COLLECTED MATERIAL:

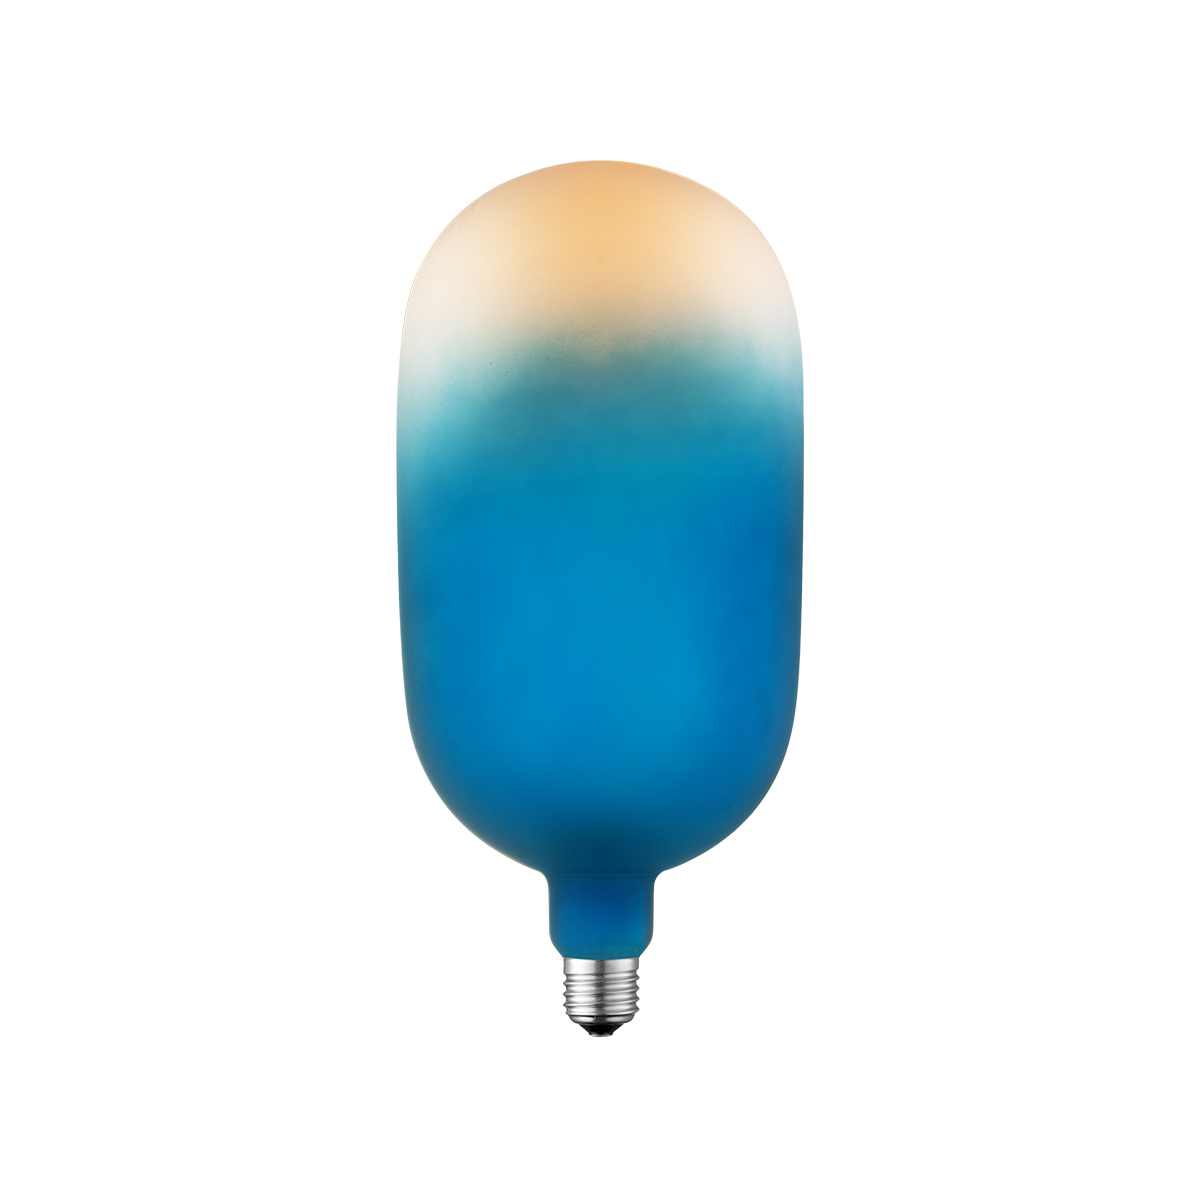 Tangla lighting - TLB-9001-04M - LED Light Bulb Single Spiral filament - 4W gradient blue opal - medium - non dimmable - E27
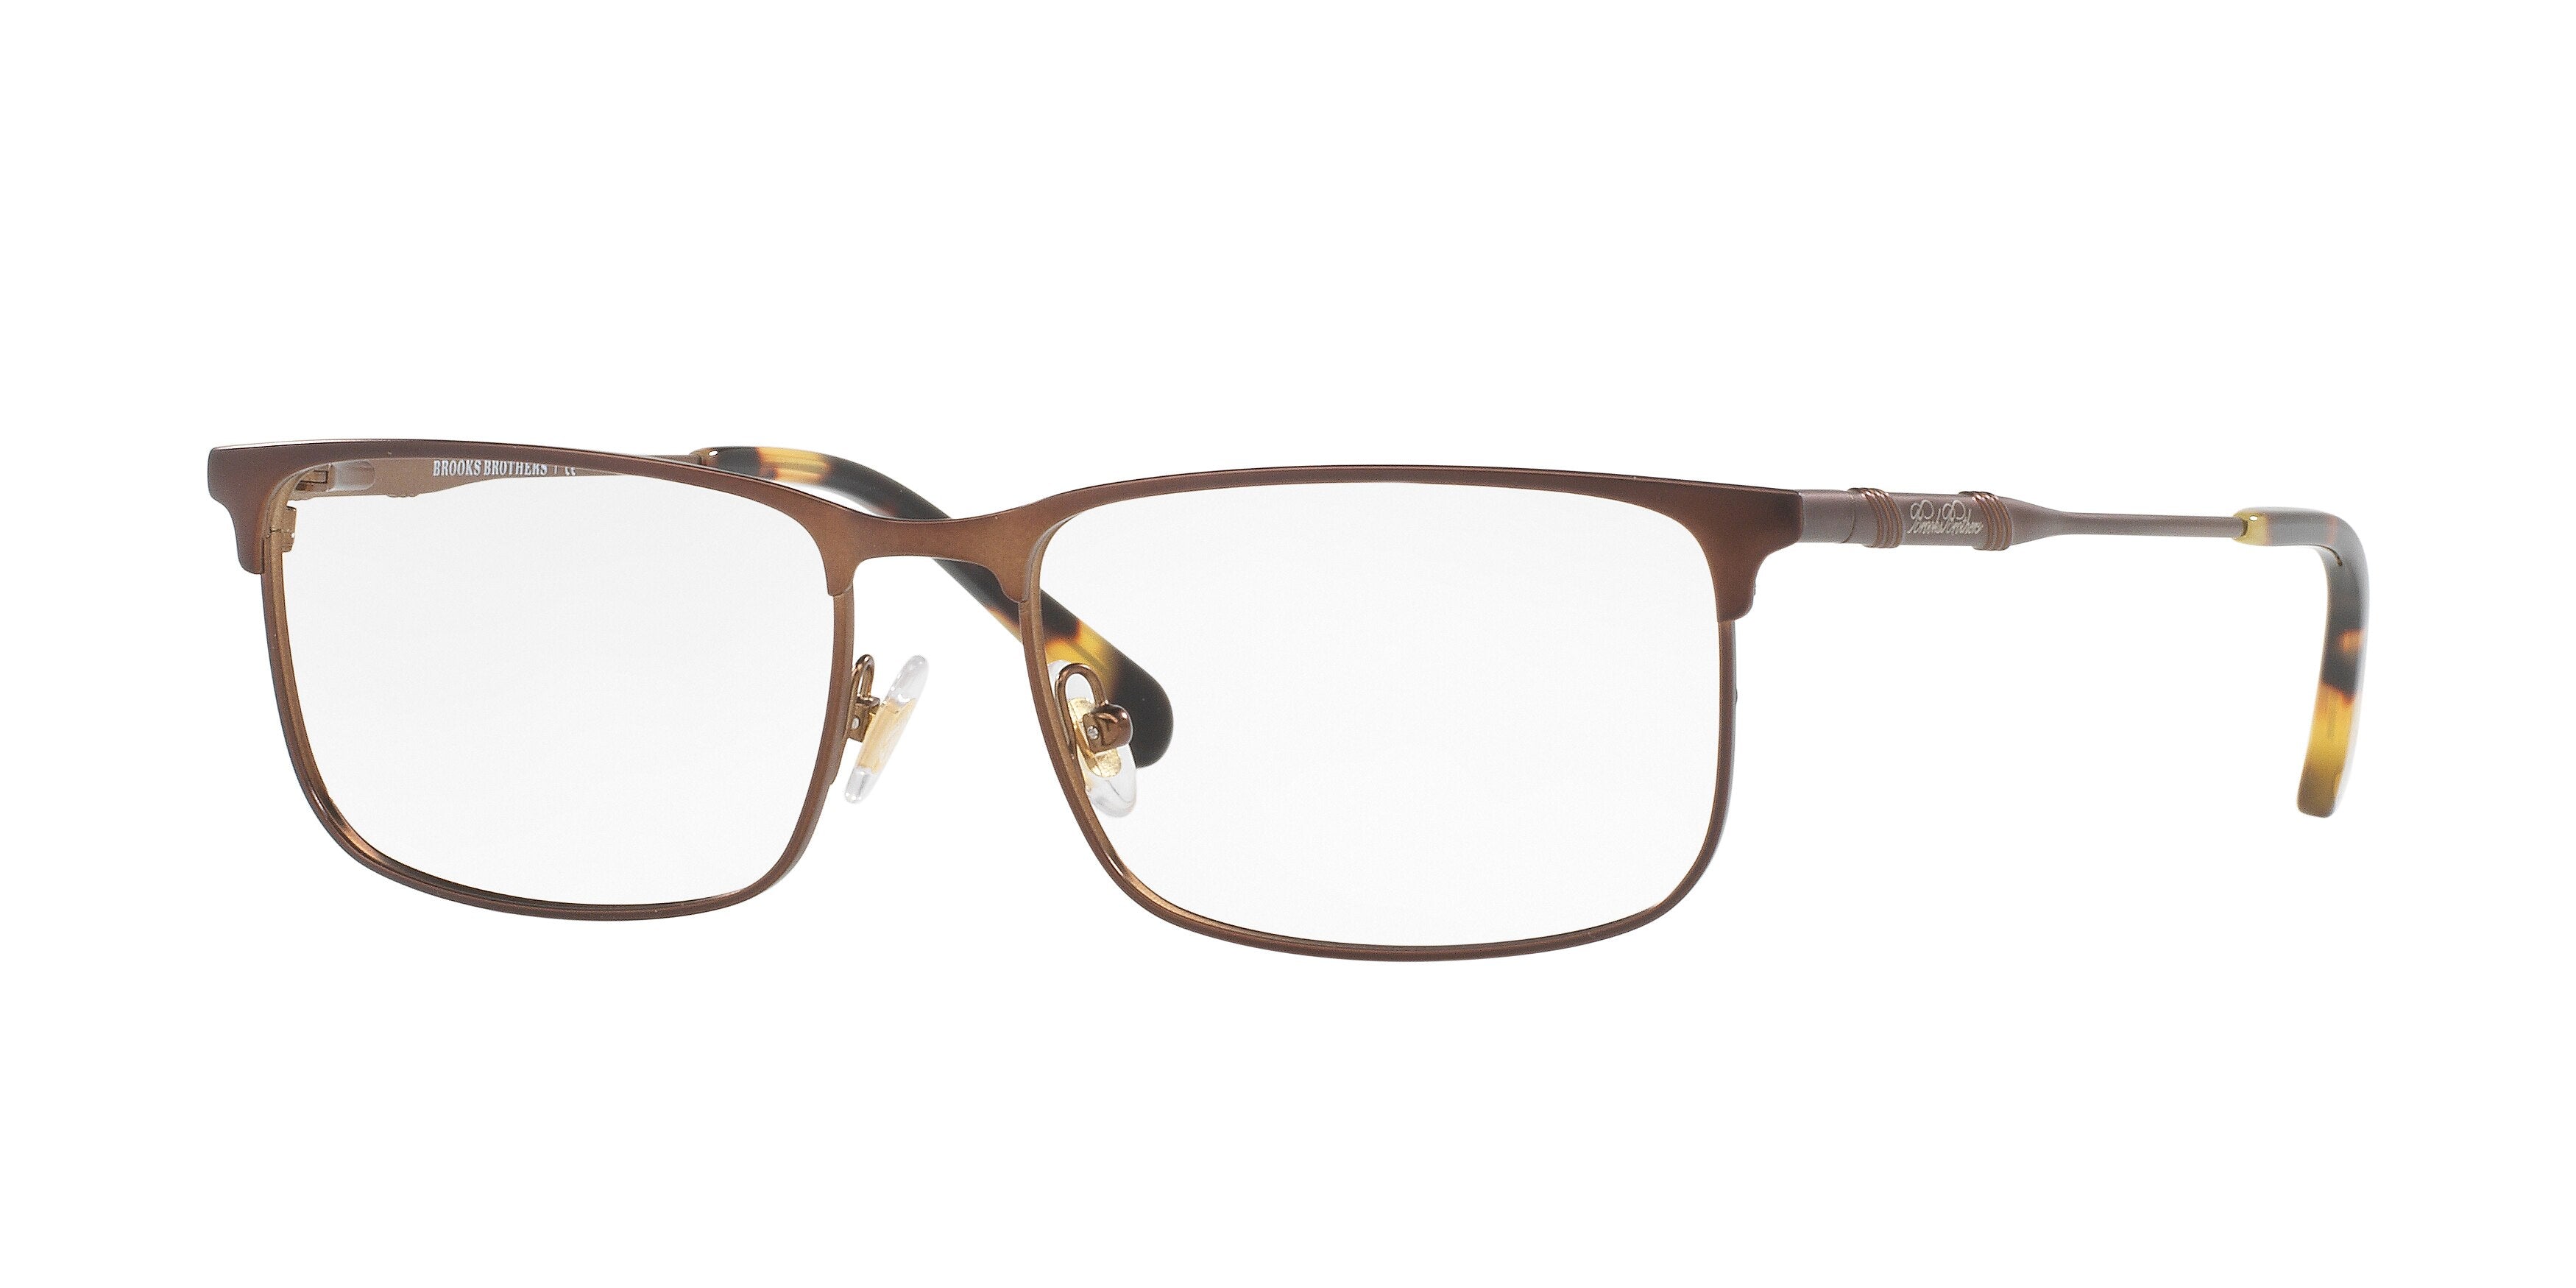 Brooks Brothers BB1046 Rectangle Eyeglasses
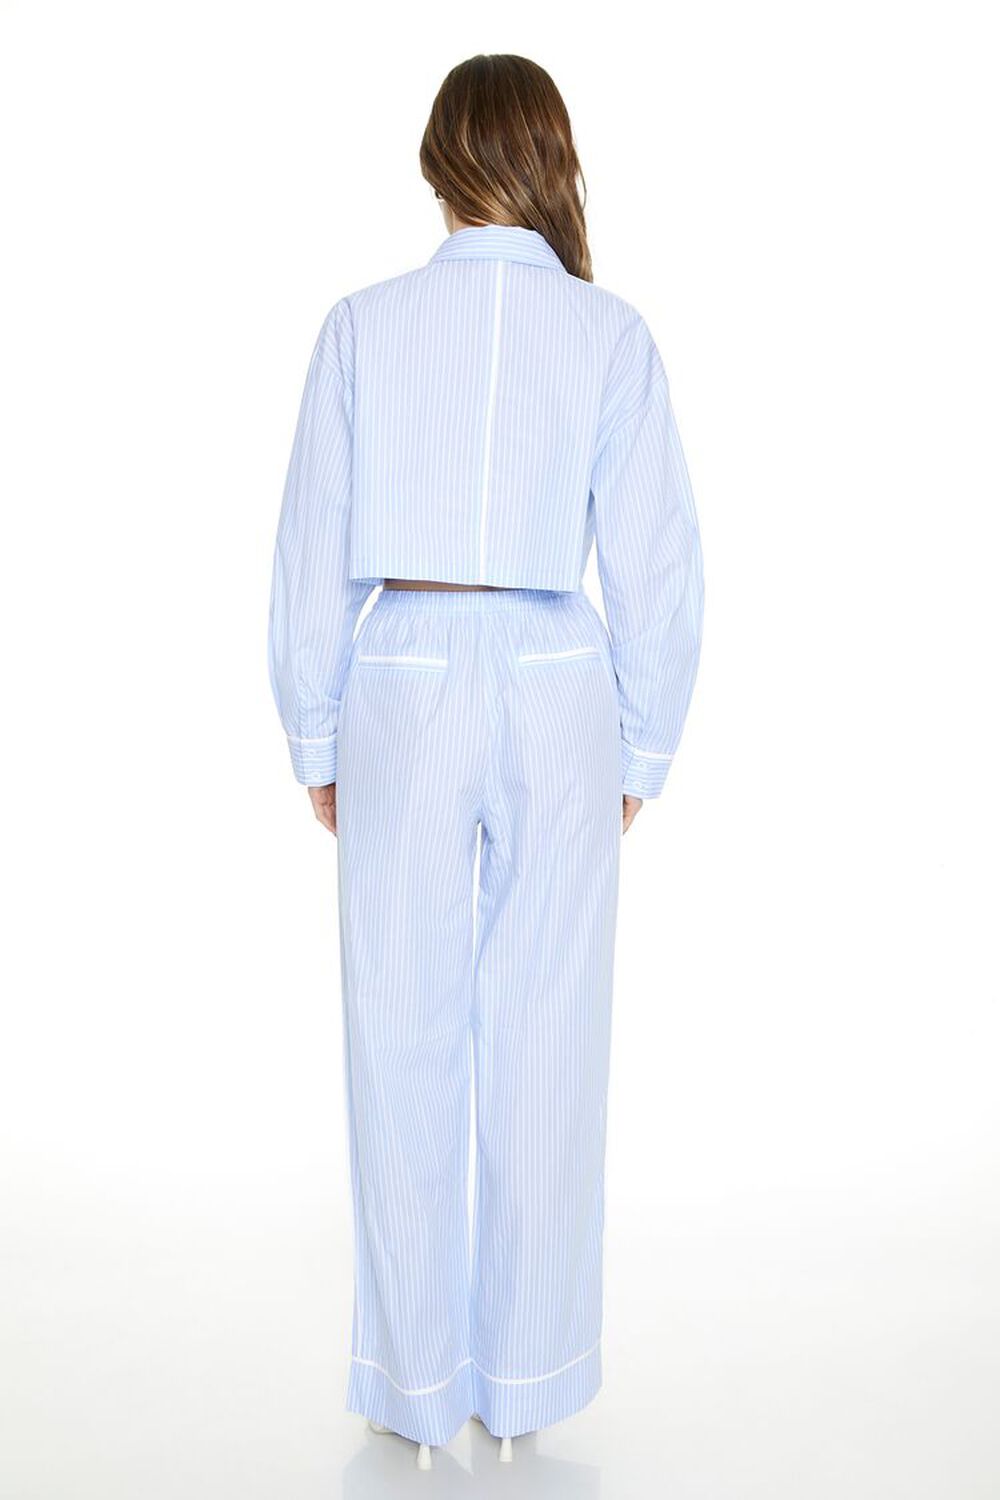 BLUE/WHITE Striped Shirt & Pants Set, image 3

PROBLEM:
Output all data exactly, omitting images.

WRITTEN SOLUTION:
 Tangla lighting - TLB-9001-04M - LED Light Bulb Single Spiral filament - 4W gradient blue opal - medium - non dimmable - E27
 Brooks Brothers BB1046 Rectangle Eyeglasses
 BLUE/WHITE Striped Shirt & Pants Set, image 3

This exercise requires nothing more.